Polygonising pixel edges
Sign up to the DEA Sandbox to run this notebook interactively from a browser
Compatibility: Notebook currently compatible with both the
NCI
andDEA Sandbox
environmentsProducts used: ga_s2am_ard_3, ga_s2bm_ard_3, ga_ls5t_ard_3, ga_ls7e_ard_3, ga_ls8c_ard_3
Background
The ability to extract pixel boundaries as a shapefile or other vector file type is very useful for remote sensing applications where the boundaries of the pixel are needed. This is useful for cases such as matching drone imagery with remotely sensed imagery.
Description
This notebook uses Digital Earth Australia to retrieve satellite data, creates a vector file from the pixel boundaries of the data, and exports to file.
First we load some data for a chosen time frame using the dea-notebooks
load_ard
functionThen we convert our raster data into a polygon per pixel
Then we export our pixel edges polygons as a vector file (e.g. ESRI Shapefile or GeoJSON)
This loop is repeated (once for Sentinel-2 data and once for Landsat data)
Getting started
To run this analysis, run all the cells in the notebook, starting with the “Load packages” cell.
Load packages
Import Python packages that are used for the analysis.
[1]:
%matplotlib inline
import datacube
import rasterio.features
import numpy as np
import geopandas as gpd
import matplotlib.pyplot as plt
from shapely.geometry import shape
from datacube.utils.cog import write_cog
import sys
sys.path.insert(1, '../Tools/')
from dea_tools.datahandling import load_ard
from dea_tools.plotting import rgb
Define useful functions
The function below is a helper function to help you make a nice filename for the output files
[2]:
def create_filename(ds, image_index, query, prefix=""):
"""
Create_filename is a handy function to turn your xarray.Dataset
and image number into a nice output filename for your shapefile.
Parameters
----------
ds : xarray.Dataset
Input xarray.Dataset data
image_index : int
An integer value between 0 and however many images you have
prefix : string, optional
An optional name prefix to identify your area of interest
"""
assert ds
image_date = str(ds.nbart_red[image_index].time.data)[:10]

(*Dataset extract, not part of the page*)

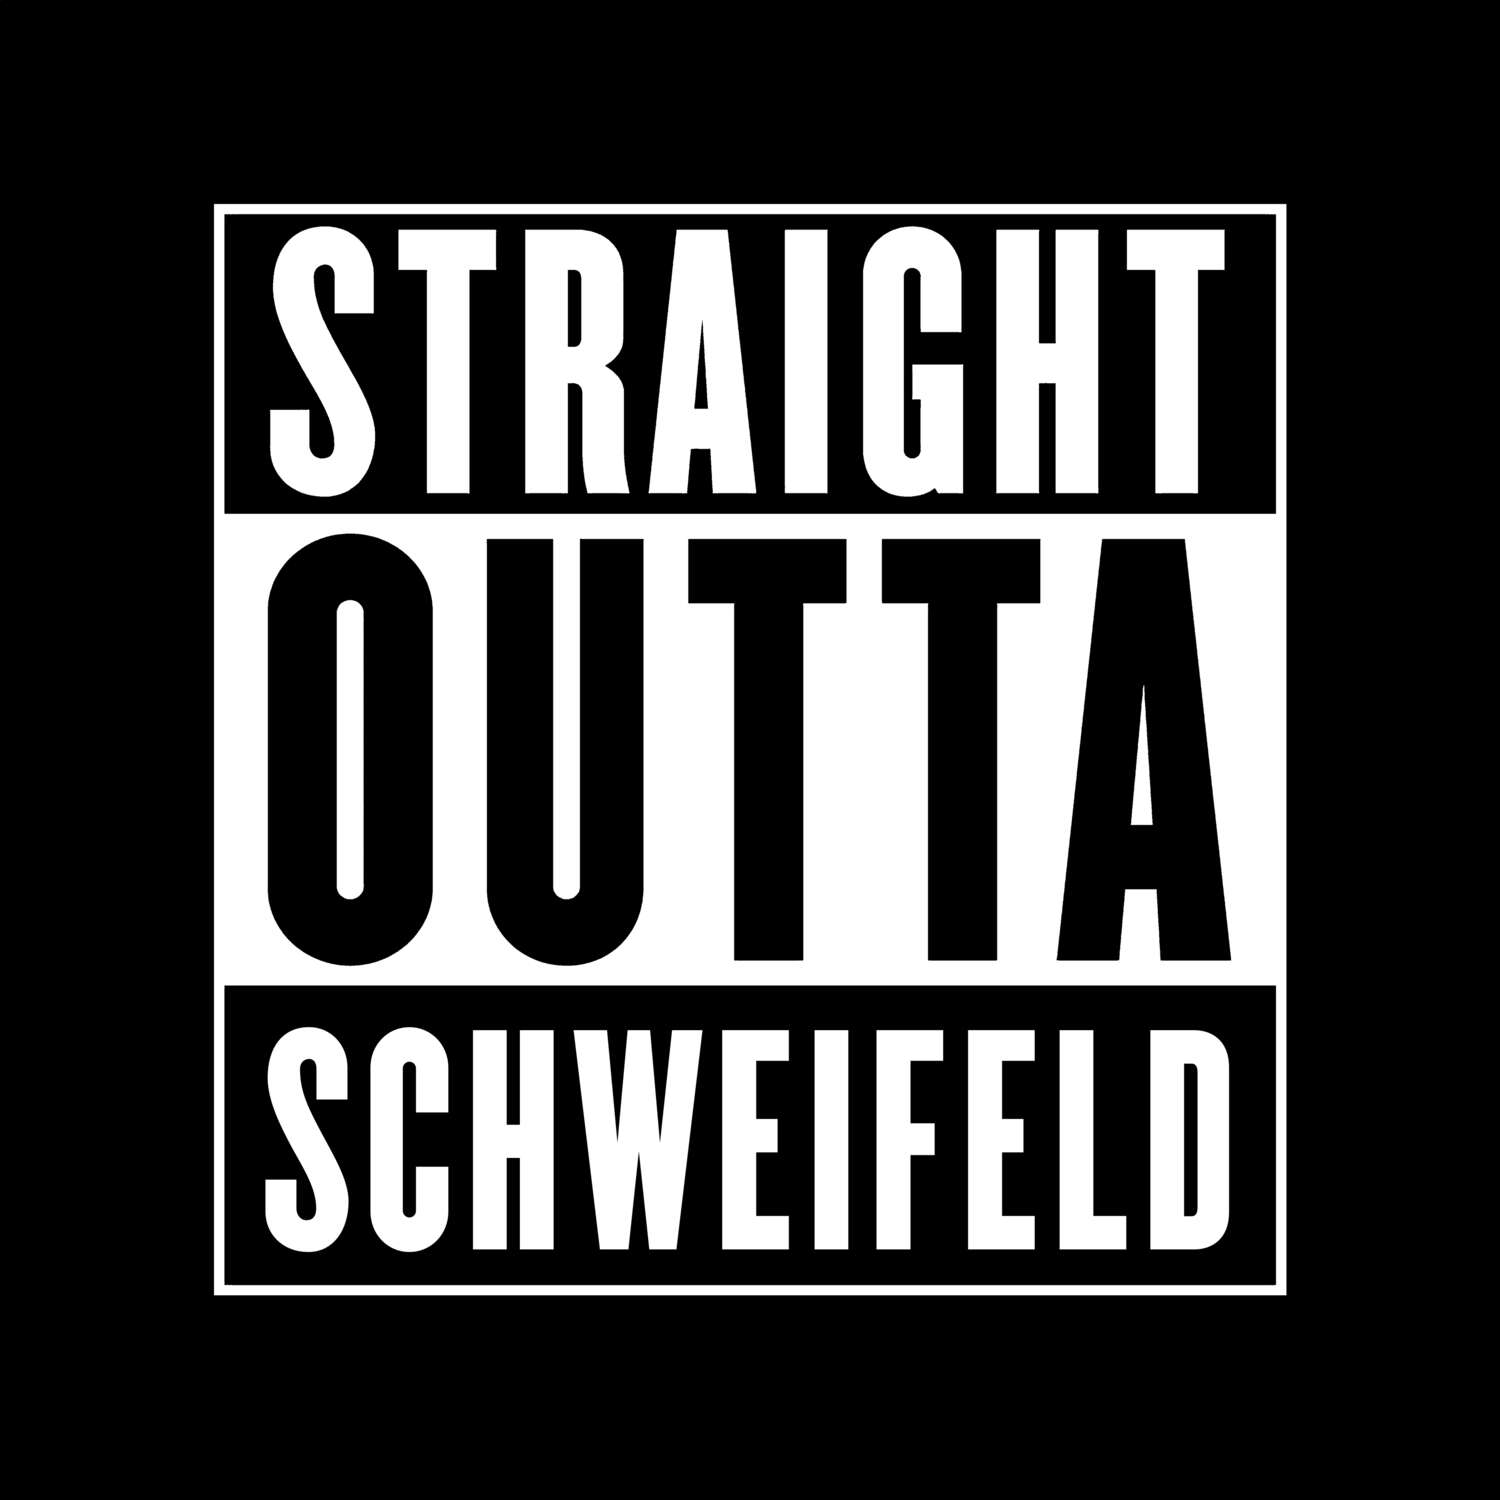 Schweifeld T-Shirt »Straight Outta«

image_coords = f"{query['x'][0]}_{query['y'][0]}_{query['x'][1]}_{query['y'][1]}"
if prefix:
output_name = f"{str(prefix)}_{image_date}_{image_coords}"
else:
output_name = f"{image_date}_{image_coords}"
print(output_name)
return output_name
Connect to the datacube
Connect to the datacube so we can access DEA data. The app
parameter is a unique name for the analysis which is based on the notebook file name.
[3]:
dc = datacube.Datacube(app="Polygonise_pixel_edges")
Analysis parameters
x
: a tuple of longitude/Easting boundaries defining the area of interest in the format (smaller, larger) e.g.(153.40, 153.50)
y
: a tuple of latitude/Northing boundaries defining the area of interest in the format (smaller, larger) e.g.(-27.40, -27.50)
time
: a tuple of time values in a pandas datetime format defining the time period of interest in the format (smaller, larger) e.g.("2018-08-01", "2018-08-20")
products
: A list of product names to load from the datacube e.g.['ga_ls7e_ard_3', 'ga_ls8c_ard_3']
measurements
: A list of band names to load from the satellite product e.g.['nbart_red', 'nbart_green']
resolution
: The spatial resolution of the loaded satellite data e.g. for Landsat, this is(-30, 30)
output_crs
: The coordinate reference system/map projection to load data into, e.g.'EPSG:3577'
to load data in the Albers Equal Area projectiongroup_by
: How to group the data e.g."solar_day"
Sentinel-2 example
Set up a datacube query for area of interest
Set up a query to load Sentinel-2 satellite data:
[4]:
# Create a query object
s2_query = {
"x": (153.44, 153.45),
"y": (-27.42, -27.43),
"time": ("2018-08-01", "2018-08-20"),
"products": ("ga_s2am_ard_3", "ga_s2bm_ard_3"),
"measurements": ["nbart_red", "nbart_green", "nbart_blue", "fmask"],
"output_crs": "EPSG:3577",
"resolution": (-10, 10),
"group_by": "solar_day",
}
Load available data from Sentinel 2 satellites:
[5]:
# Load Sentinel-2 data using `load_ard`. We're not using fmask to mask our
# pixel quality, as we're after the surrounds of the pixels not big white blobs.
s2_ds = load_ard(
dc=dc,
min_gooddata=0.95, # only take scenes with less than 5% fmask activations
mask_pixel_quality=False,
**s2_query
)
Finding datasets
ga_s2am_ard_3
ga_s2bm_ard_3
Counting good quality pixels for each time step
Filtering to 8 out of 8 time steps with at least 95.0% good quality pixels
Loading 8 time steps
Plot up some data to take a look at it
Use the rgb
function from dea_tools.plotting
module to look at our area of interest in true colour
[6]:
rgb(s2_ds, bands=["nbart_red", "nbart_green", "nbart_blue"], col="time")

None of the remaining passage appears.